The groups were formed of scientists (CNRS, GSIEN, Institut Curie, IRSN, universities and European Commission "Article 31" experts), representatives of operators (ANDRA, AREVA, CEA, EDF and ITER), stakeholders (ANCCLI, ACRO and CLI) and the safety authorities (ASN and DSND). Their findings and recommendations were submitted in early April 2010.
The White Paper presents the ASN's action plan. The plan is based on a synthesis of the two groups' work and on their findings and recommendations and the written contributions of the different participants. Lastly, ASN is presenting the action plan based on the discussions it has begun on tritium.
ASN underlines the high standard of work done, which has produced the recommendations made by the working groups.
This work highlights the low impact tritium releases have in France.

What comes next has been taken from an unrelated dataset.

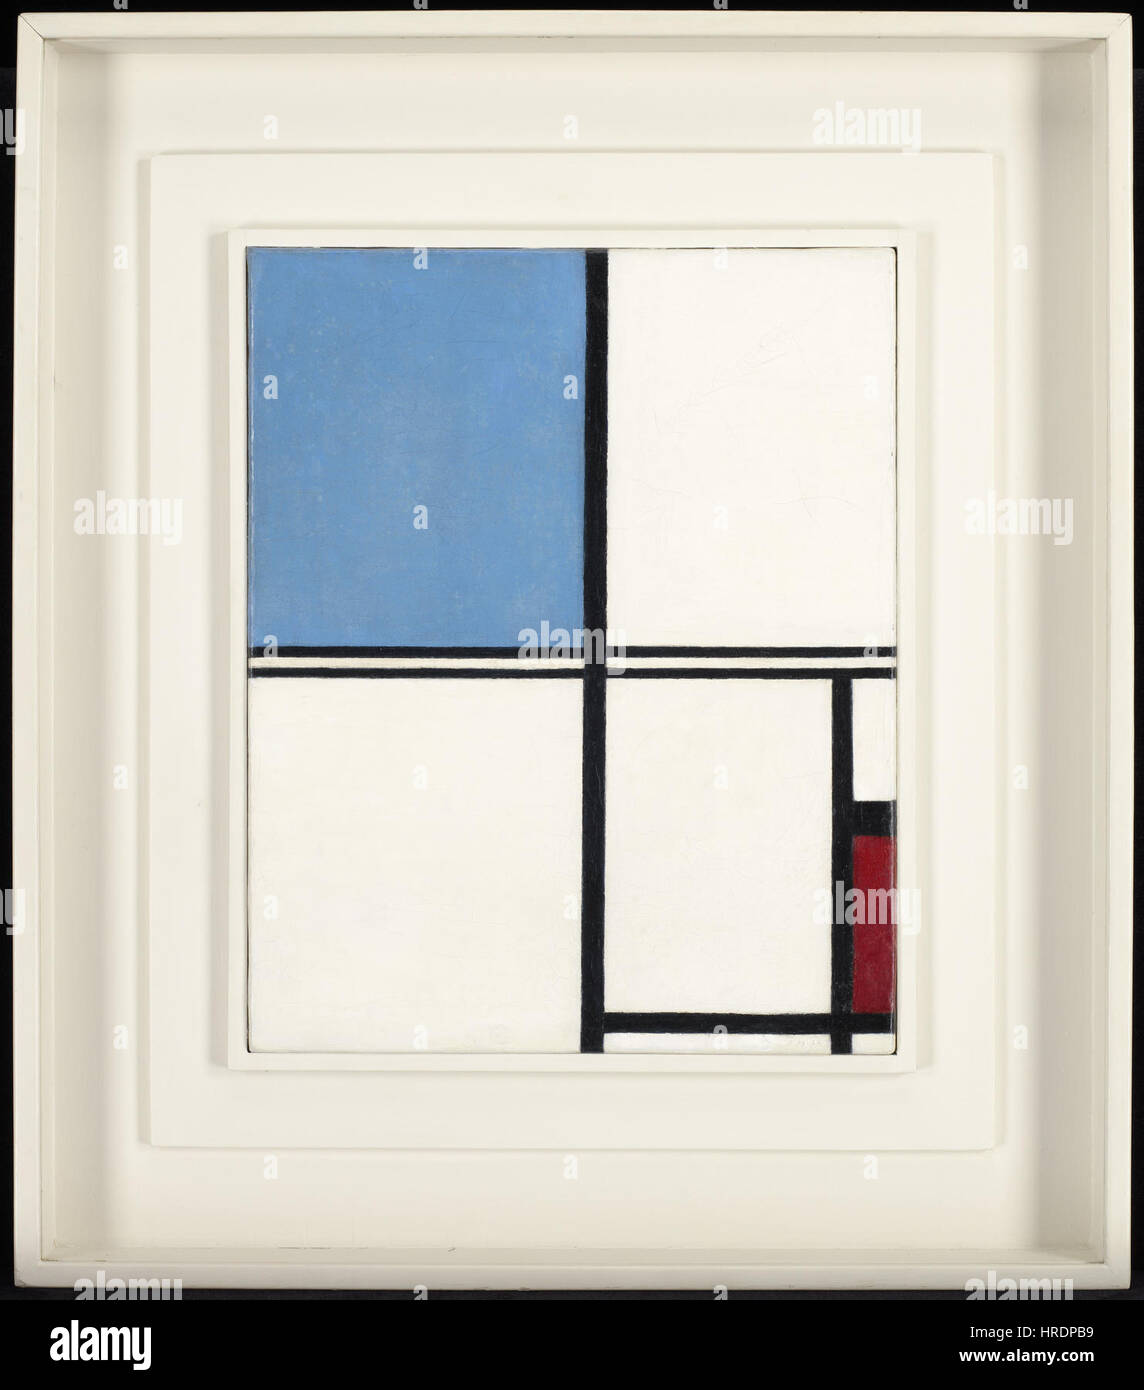 Piet Mondrian - Composition avec bleu et rouge - 75,83 - Minneapolis Institute of Arts Banque D'Images

It also reveals the need to carry out further studies and research in order to reinforce current data and knowledge of the behaviour of tritium in the environment.
The action plan ASN has decided to embark upon consists of four points: measurement methods and protocols for different forms of tritium, control of releases by operators of nuclear facilities, monitoring of the environment, and evaluation of tritium impact. ASN will bring together all those concerned in order to implement this plan. ASN also hopes that the research bodies concerned will take account of the working groups' recommendations.
Tritium is naturally present in the environment, produced mainly by the effect of cosmic radiation on the atmosphere. It is also one of the main radionuclides emitted by nuclear reactors, spent nuclear fuel processing plants, industries and laboratories using the radionuclide and waste management facilities. It exists in the environment in several forms: as a liquid, as a gas, and bound to organic molecules. The radiotoxicity of tritium is low.